These pioneering cities—we call them “urban climate innovation laboratories”—are trying, in just a few decades, to eliminate fossil fuels from their immense, complex systems of energy supply, transportation, buildings, and waste management. Just as systematically and rapidly, they are preparing their built infrastructures, ecosystems, economies, and residents to handle the grave impacts of extreme storms, rainfall, heat, drought, and rising seas—conditions already experienced by many cities and projected to get much, much worse.

 

The city as innovation lab

The laboratory is the entire city, the complex, real urban world with its messy swarms

A city innovation lab isn’t a facility with highly controlled conditions, high-tech equipment, and scientists in white coats. The laboratory is the entire city, the complex, real urban world with its messy swarms of businesses, governments, and organizations; urban systems; ideas, interests, and politics; built infrastructure, natural ecosystems, economic sectors; and, of course, all manner of people and groupings.

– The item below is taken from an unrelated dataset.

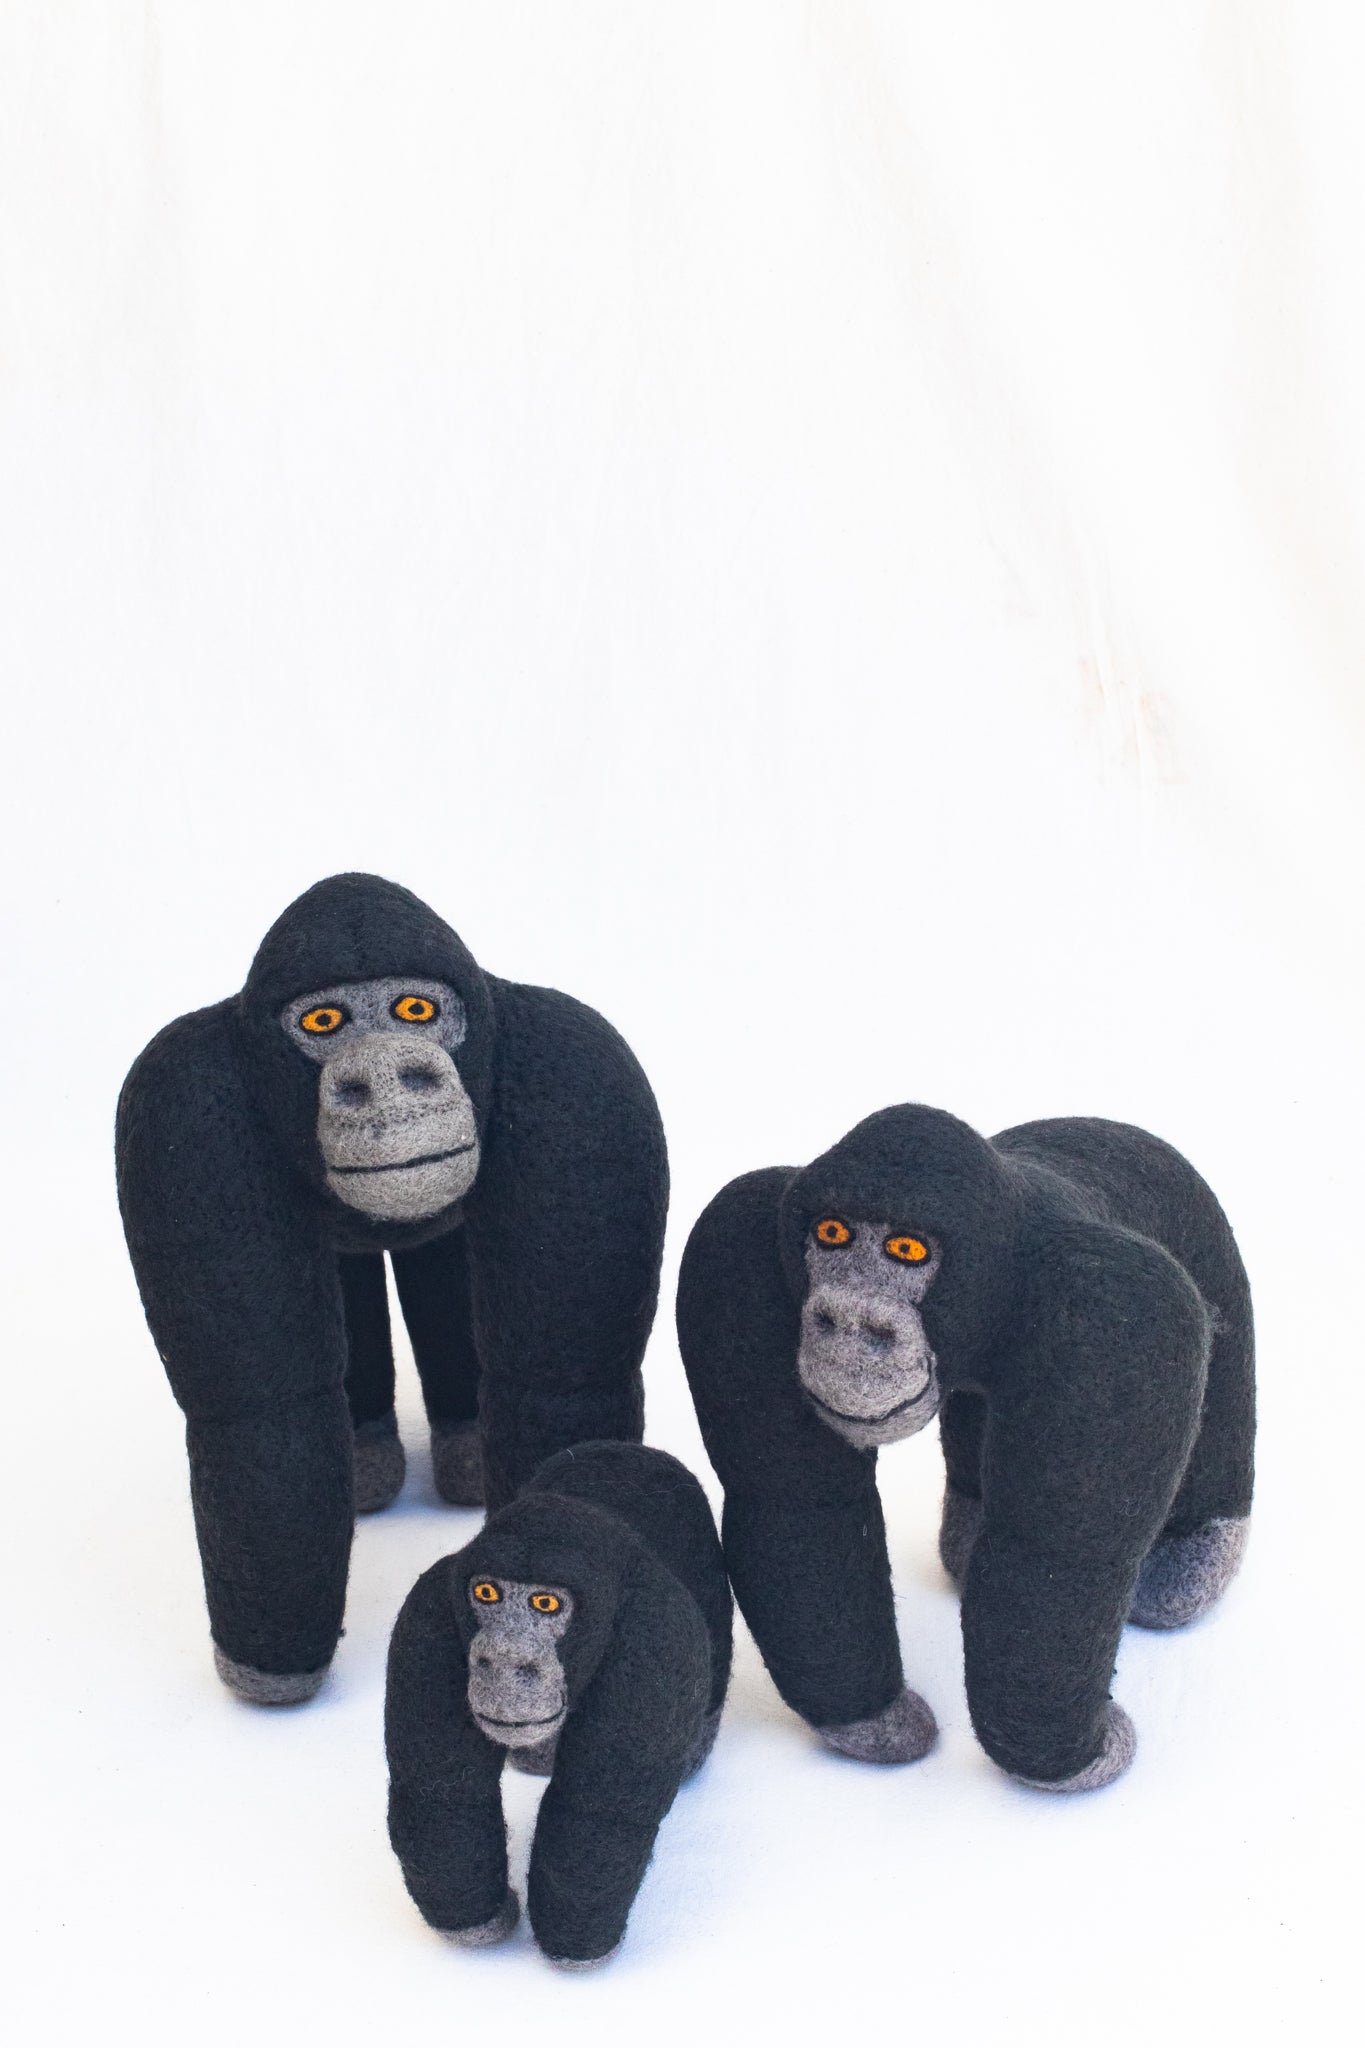 Mountain Gorilla Family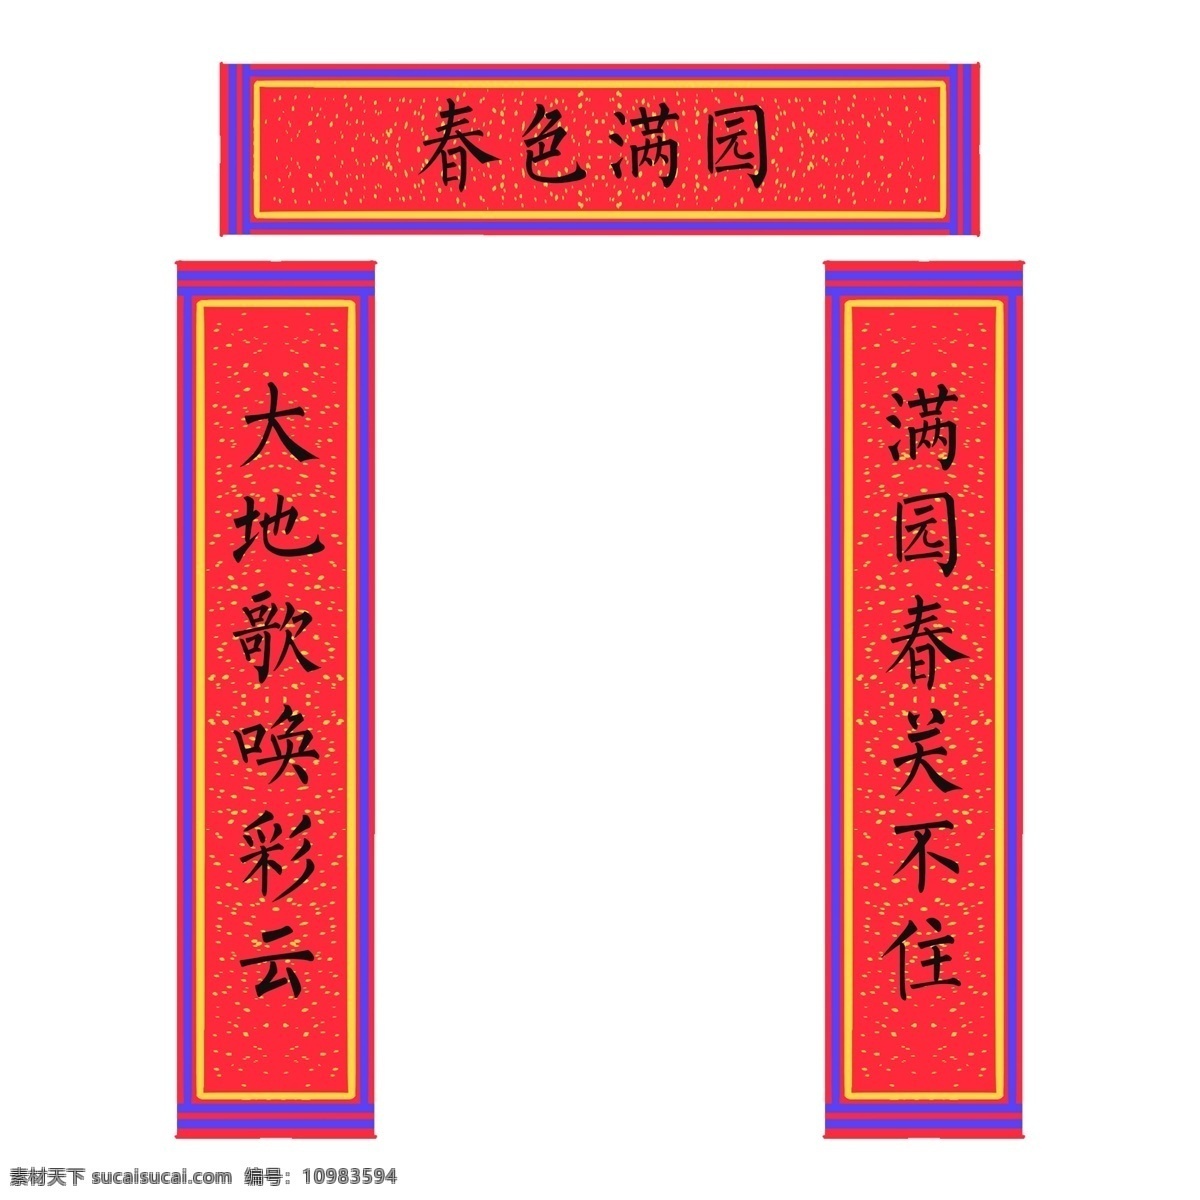 精美 手绘 对联 插画 精美的对联 彩色对联插画 手绘新年对联 新春对联 优美的文字 中国风 传统节日

These city labs exist on every populated continent, but have concentrated mostly in the U.S., Canada, China, western and northern Europe, Australia, and Japan. Most are well-known global cities, including Austin, Berlin, Boston, Copenhagen, London, Minneapolis, New York City, Oslo, Paris, Portland, Rotterdam, San Francisco, Seattle, Shanghai, Singapore, Stockholm, Sydney, Toronto, Vancouver, and Washington, D.C. Some are smaller, high-spirited cities: Boulder, Colorado, and Melbourne, Australia. Several—Cape Town, Mexico City, and Rio de Janeiro—are stepping energetically onto the world climate stage.

These cities are innovating aggressively and radically—by developing and implementing experimental projects, tackling entire urban systems, and reweaving the physical and cultural fabric of the entire city. Their numerous innovations contain a set of profound ideas that are changing the city’s wealth, metabolism, ecology, and identity.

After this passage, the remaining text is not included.